Creating a dichotomous variable called REGION, the study tested the hypothesis whether—ceteris paribus—the region (whether the country came from East Asia or Latin America) had a significant impact on the GROSS DOMESTIC PRODUCT of the country.

Ho : λREGION = 0 H1 : λREGION # 0

3. RESULTS OF THE TESTS OF HYPOTHESES

3.1 Results of Question

In order to fully address the question on whether it would be possible to construct a model that will represent a relationship between the performance of a nation’s economy and the dual factors of government presence and openness of the economy, several indicators were formulated. Studying the statistical tables from the World Development Indicators published by the International Monetary Fund (See Annex A), the study identified four indicators. For the dependent variable (DV) economic performance of a nation, the rate of growth of real Gross Domestic Product (GDP%) was selected. Five variables were selected to represent Independent Variables (IV) of the study. To represent government presence in the economy, the study selected the external foreign debt as a percentage of GDP (Extdbt%).
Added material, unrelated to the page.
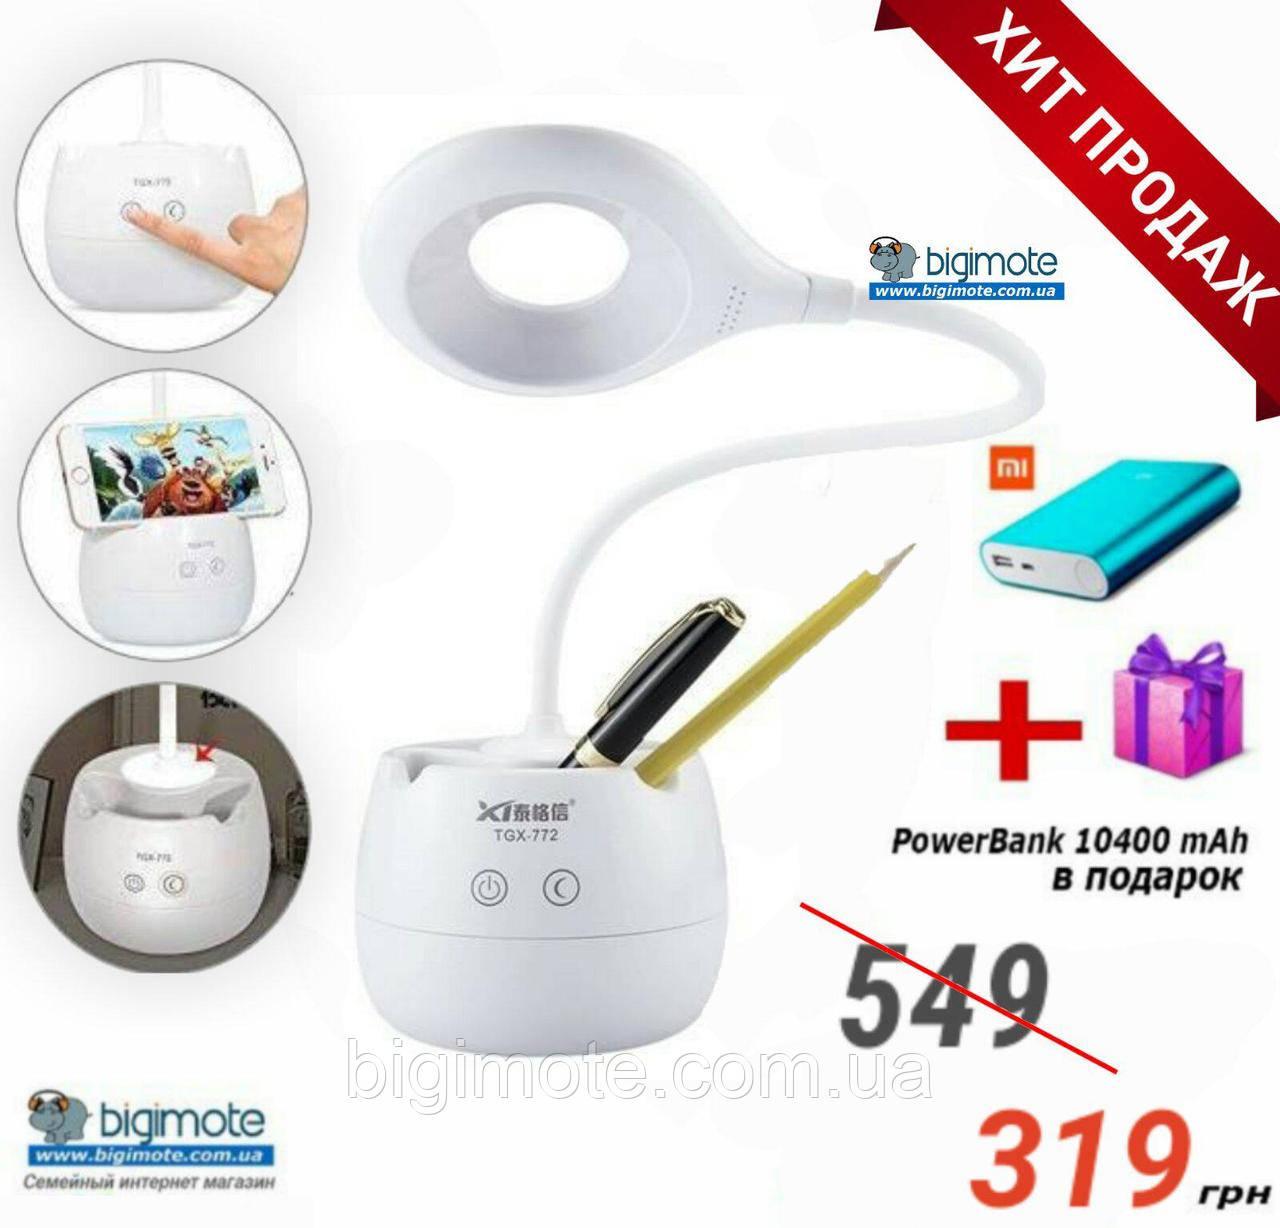 Лампа настольная,ночник micro usb, органайзер,подставка под телефон, настольная лампа кольцевая,TGX772s

The indicators for the openness of the economy were exports as a percentage of GDP (Exp%); gross domestic savings as a percentage of GDP (GDS%) and gross domestic investments as a percentage of GDP (GDI%). To signify whether the country belonged to the East Asian (represented by 1) or Latin American region (represented by 0) a dichotomous (dummy) variable REGION was likewise introduced. Table 1 below presents a graphical representation of the dependent variables and the independent variables of the study.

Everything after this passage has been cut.